Older persons are the fastest-growing age sector in the country. In the next five years or so, they would make up at least 10% of our population, making the Philippines an ageing society.[6]

Thus, old-age support will be a greater policy concern in the next few years. A social pension program like the one introduced by DSWD could address the many limitations of a contributory pension scheme and the income gap among the elderly. In the immediate, however, there is an urgent need to expand and boost the social pension program to cover all senior citizens, and not just those narrowly classified as poor. Moreover, the amount of social pension, which is one of the lowest in the world (see Figure 2), should be raised to a reasonable threshold and adjusted to reflect rising prices of commodities.

In the longer term, steps must be taken to realize a universal social pension system – a tax-funded minimum guarantee for old age. This has been tested in numerous countries in the world, and it has been shown to perform better than a means-tested system that the DSWD currently employs. It will eliminate exclusion errors, save administrative costs, cut bureaucratic red tape, and complement, not compete with, efforts to expand direct contributory pension schemes.[7] [8]
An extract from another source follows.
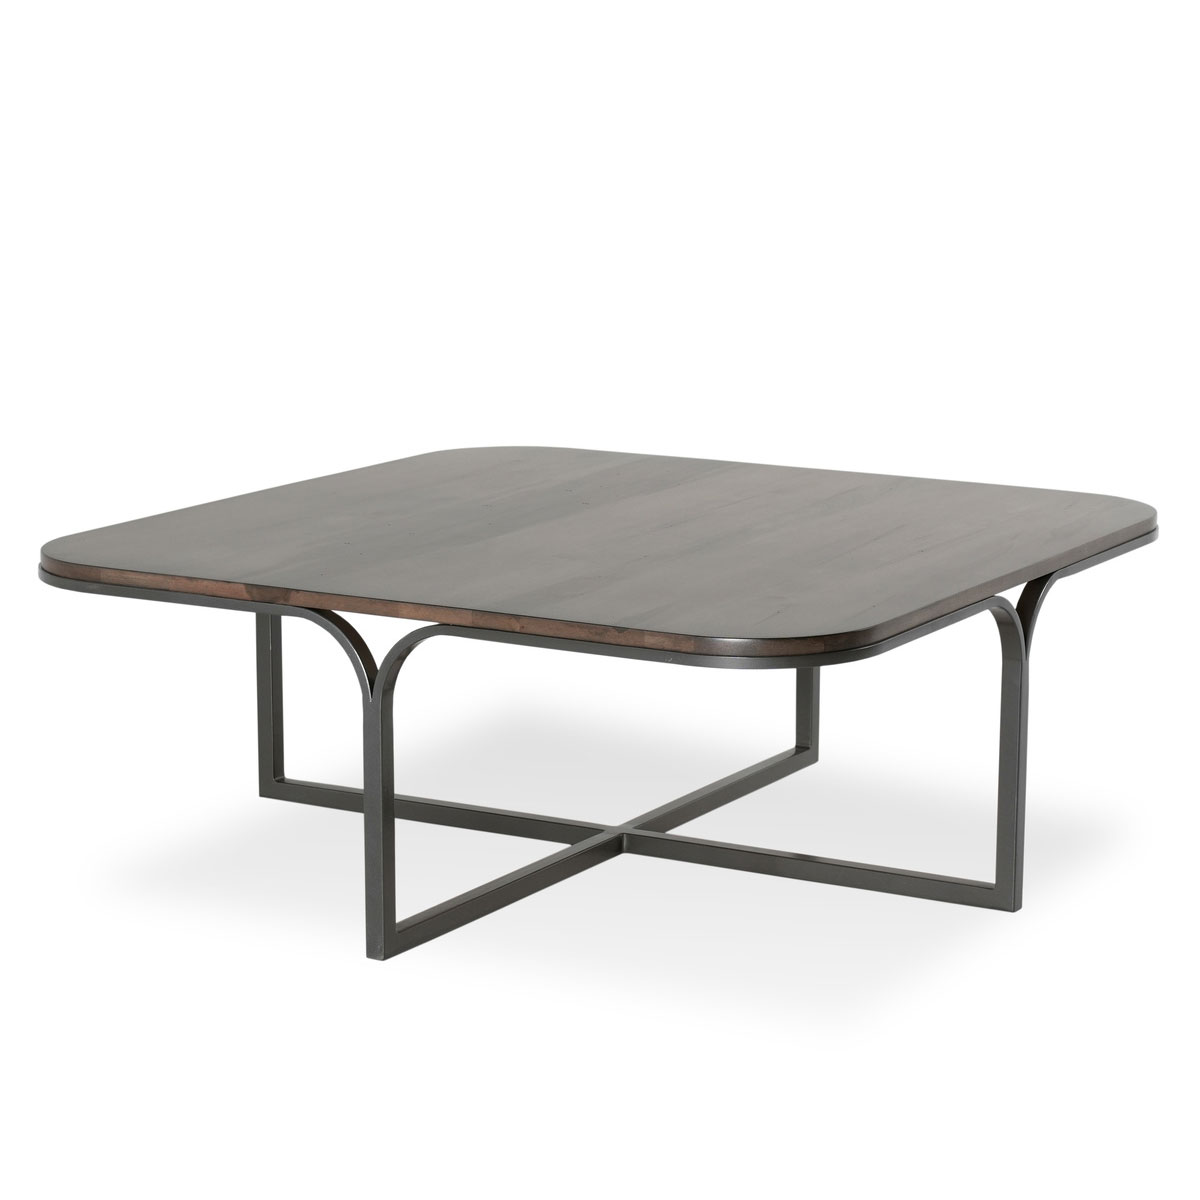 Charleston Forge Wave 48 inch Square Cocktail Table

Beyond notions of utang-na-loob and altruism, a universal social pension system would have positive impacts on the economy. It would widen access to and raise spending for healthcare. It would also decrease household poverty, as it could reduce the amount of support given by adult children to their parents, on the one hand, and raise spending in the elderly’s households, on the other hand. In fact, it is estimated that a universal pension would lift over three million Filipinos out of poverty.[9]
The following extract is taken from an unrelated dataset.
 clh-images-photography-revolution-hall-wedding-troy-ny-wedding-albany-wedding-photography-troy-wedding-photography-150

It is time we stop treating old-age welfare as an afterthought, a “residual” policy, just because the elderly are “unproductive,” as President Rodrigo Duterte puts it in one of his late-night ramblings. This is but a lie. Our senior citizens are still productive in more ways than one: they take care of their children and grandchildren; many of them still work to provide for their family, and their communities turn to them for their wisdom and leadership.

But welfare, it must be stressed, is not dependent on one’s productivity. It is foremost a state obligation. If we are to be judged as a nation, let it be by how we look after the most vulnerable of us, including our elderly.


[1] Christian Joy P. Cruz, “Economic Well-being,” in Ageing and Health in the Philippines, ed. Grace T. Cruz, Christian Joy P. Cruz, and Yasuhiko Saito (Jakarta: Economic Research Institute for ASEAN and East Asia, 2019), 105-115.

[2] Mai Thi Tran, Linh Thuy Dang, and Nguyen Cong Vu, “Economic Well-being of Older Persons,” in Ageing and Health in Vietnam, ed. Nguyen Cong Vu, Mai Thi Tran, Lin Thuy Dang, Chei Choy-Lye, and Yasuhiko Saito (Jakarta: Economic Research Institute for ASEAN and East Asia, 2020), 86-94.

[3] University of the Philippines Population Institute (UPPI) and Demographic Research and Development Foundation, Inc. (DRDF), COVID-19 and the Older Filipino Population: How Many Are at Risk? accessed April 30, 2017,

[4] Josefina N. Natividad, “Healthcare and Healthcare Utilisation,” in Ageing and Health in the Philippines, ed. Grace T. Cruz, Christian Joy P. Cruz, and Yasuhiko Saito (Jakarta: Economic Research Institute for ASEAN and East Asia, 2019), 89-103.

[5] “Economic Well-being,” in Ageing and Health in the Philippines, loc cit.

[6] Grace T. Cruz, “Are Filipino older people enjoying longer healthy years?” (presentation, Philippine Population Association Scientific Conference, 2019).

[7] The Feasibility of a Universal Pension in the Philippines (Quezon City: Coalition of Services of the Elderly, 2017).

[8] Gibrán Cruz‐Martínez, “Older‐Age Social Pensions and Poverty: Revisiting Assumptions on Targeting and Universalism,” Poverty & Public Policy 11, no. 1-2: 31-56.

[9] The Feasibility of a Universal Pension in the Philippines, op.cit.